I look like I have my shit together.  I act like I have my shit together and all things considered, I'm doing okay.  But I screw up, and I doubt, and I get frightened for their future, and I worry, and I stress and I wonder if I'm not completely screwing them up and if some counselor will blame me during a session with one of them 20 years from now.  I am really great in some ways, and really sort of suck in others.  Either way, my kids love me and I love them.  

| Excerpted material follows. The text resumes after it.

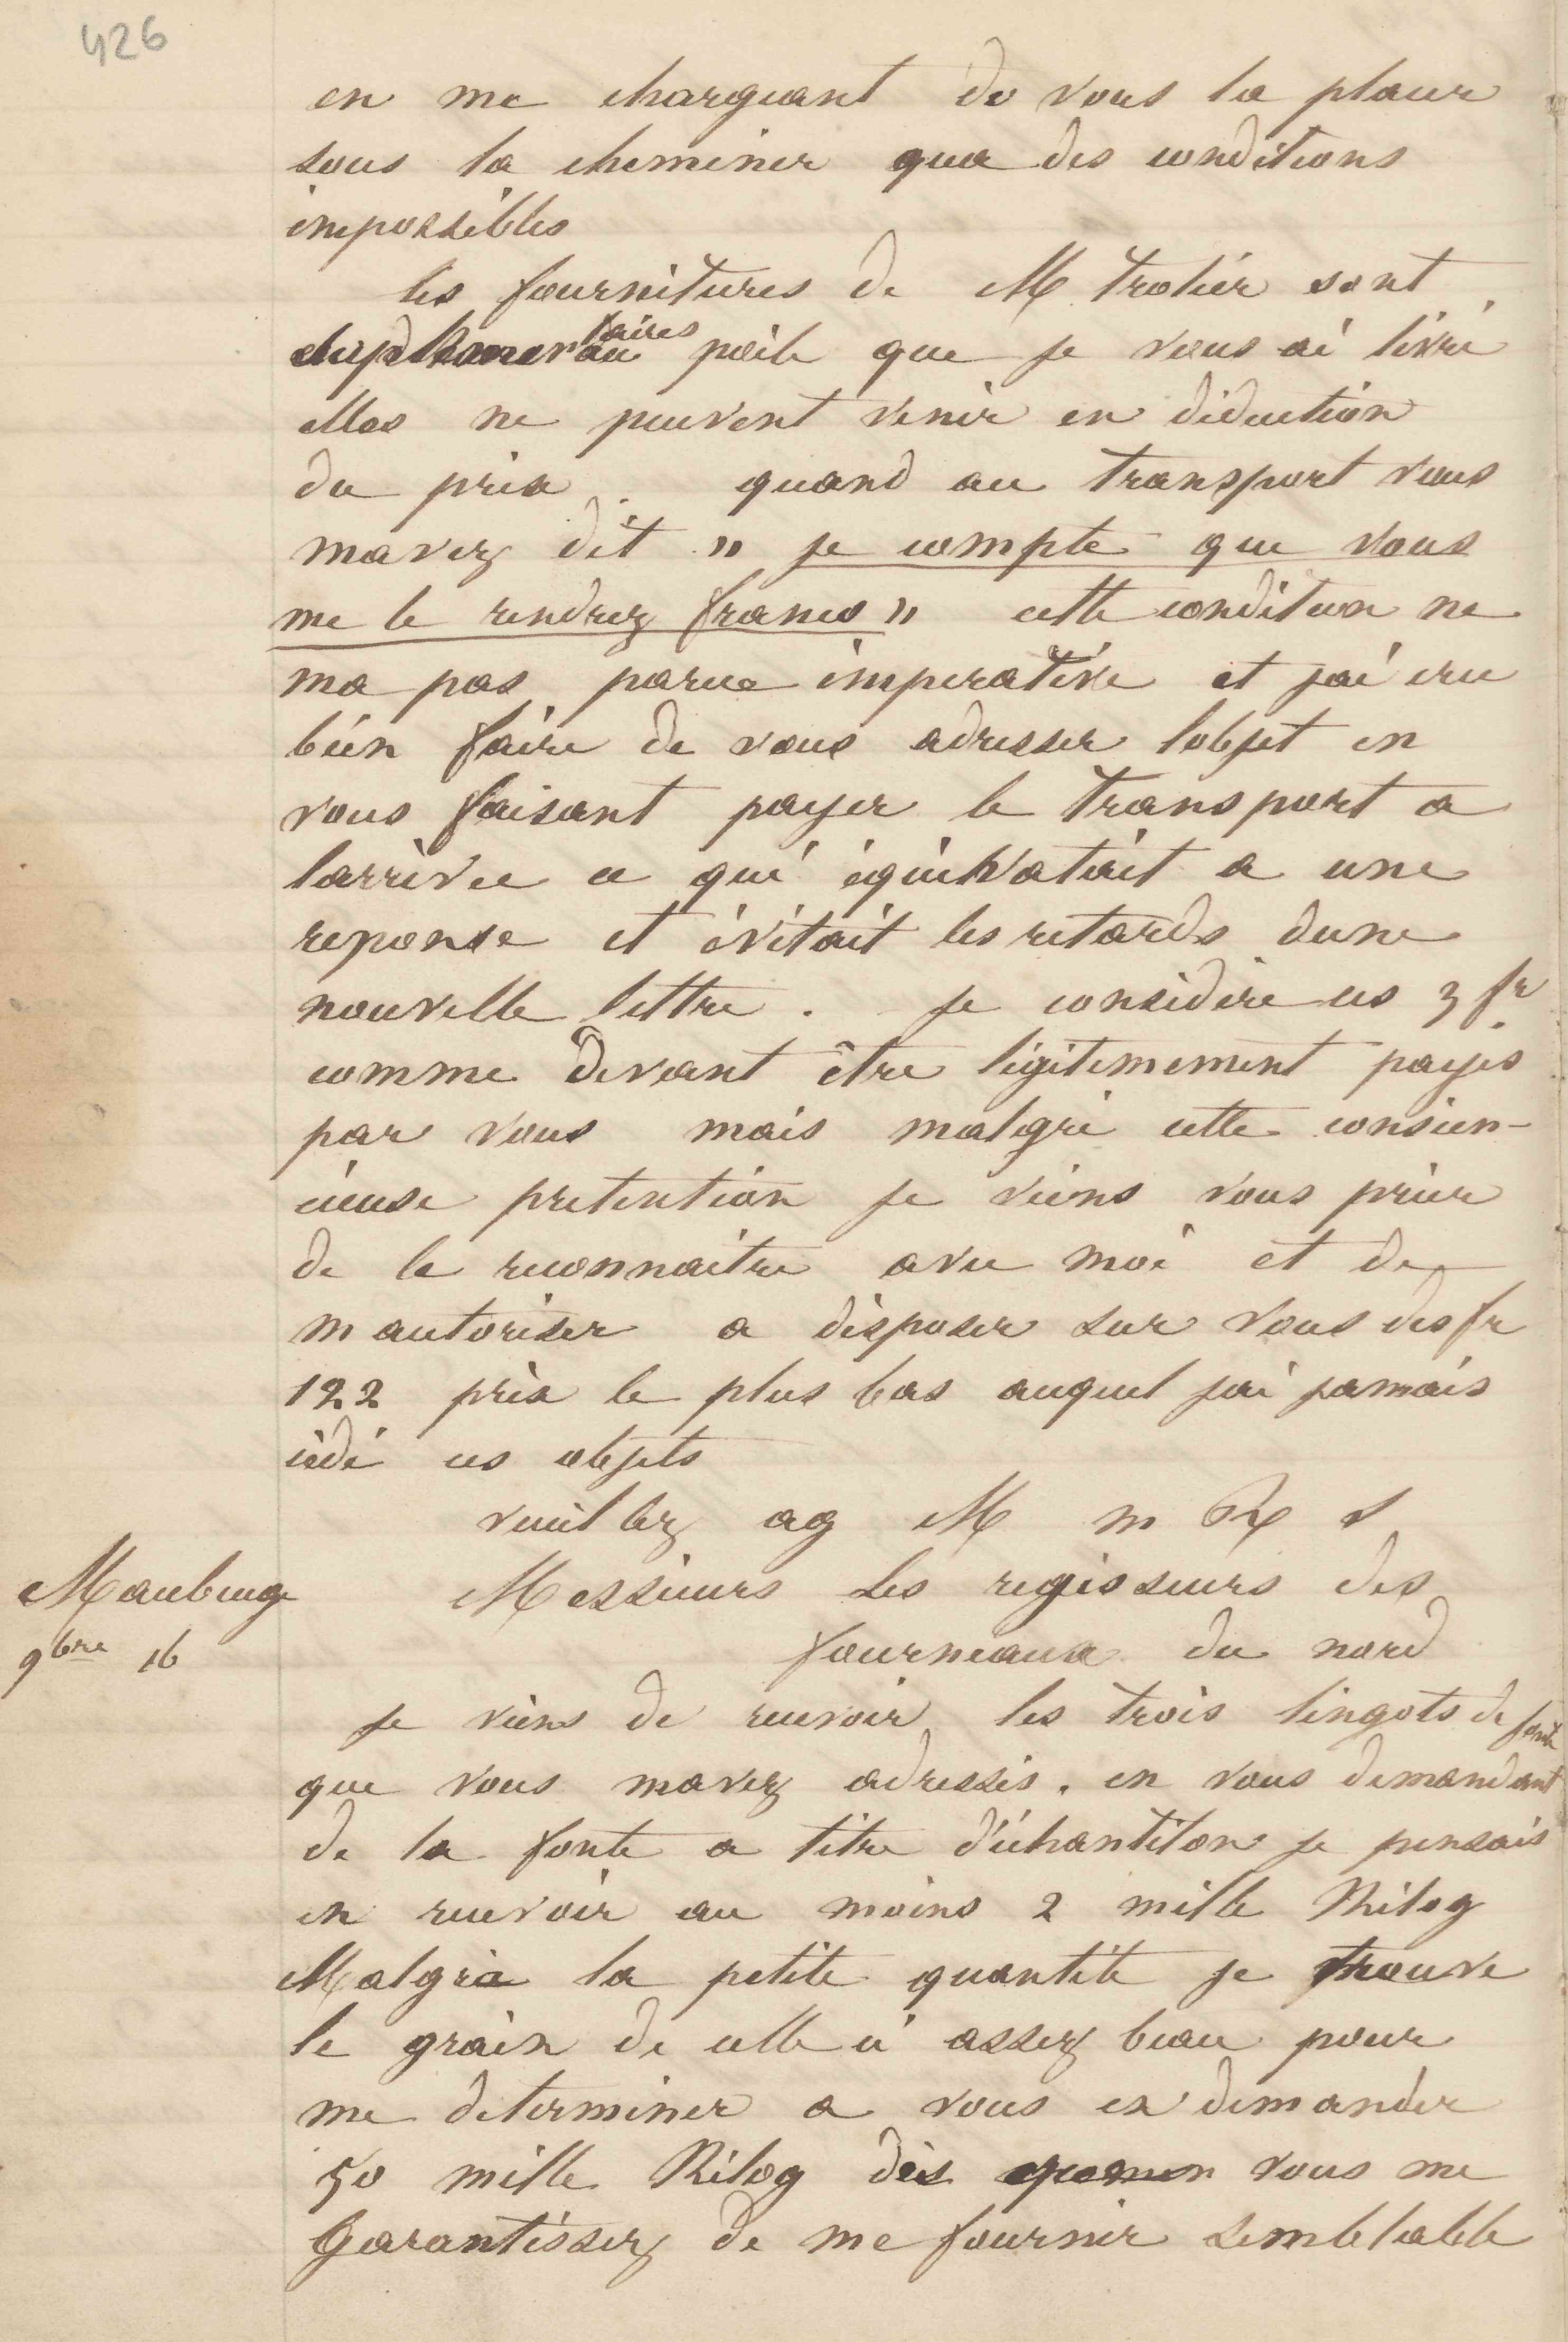 Jean-Baptiste André Godin à la Société des hauts-fourneaux du Nord, 16 novembre [1849]

And at 42 years old I was reading an article about professional speaking.  The writer focused on the importance of being authentic in our work and speaking about what we know and who we really are.  I thought about the radio show and how fun, but not entirely raw it was.  I wasn't being Laurette.  I was playing a part and while it was certainly influenced by me, I was playing the part of the "unplugged Mom.    Now, who am I?  Am I a communication specialist?  Well, to some degree that is true, but it isn't how I would define myself.   I'm a Mother.  I'm a committed Mother who keeps trying to find a professional outlet to reassure my insecure self that I retain value once my children are on their own.  Sounds pathetic doesn't it and it actually takes bravery for me to type those words into existence because they mess with my sense of pride.   But I'm typing them because now I am finally getting what everyone means by the mantra "just be yourself".  So here I am, raw, real, emotionally naked and as authentic as it gets.  

I am the Worlds Greatest Mom and the pages of this blog are my confessions.   

This is me, right now, eating a Tootsie Roll Lollipop, because I like candy.

Maybe you'll read more posts and if you do, thanks.  Welcome to the inside of my psyche.



















1 comment:

  1. We are all human and learn from our past experiences. I know I have! But most of us hide behind our own little curtain and do not allow others to see what we think are flaws of ourselves. Our flaws are what makes us who we are. You are braver than most and have let that curtain fall. Most still have that guarded curtain up... Always being real is always best, your not a faker. You did what you thought was best throughtout those trials of life. Your just the new and better you.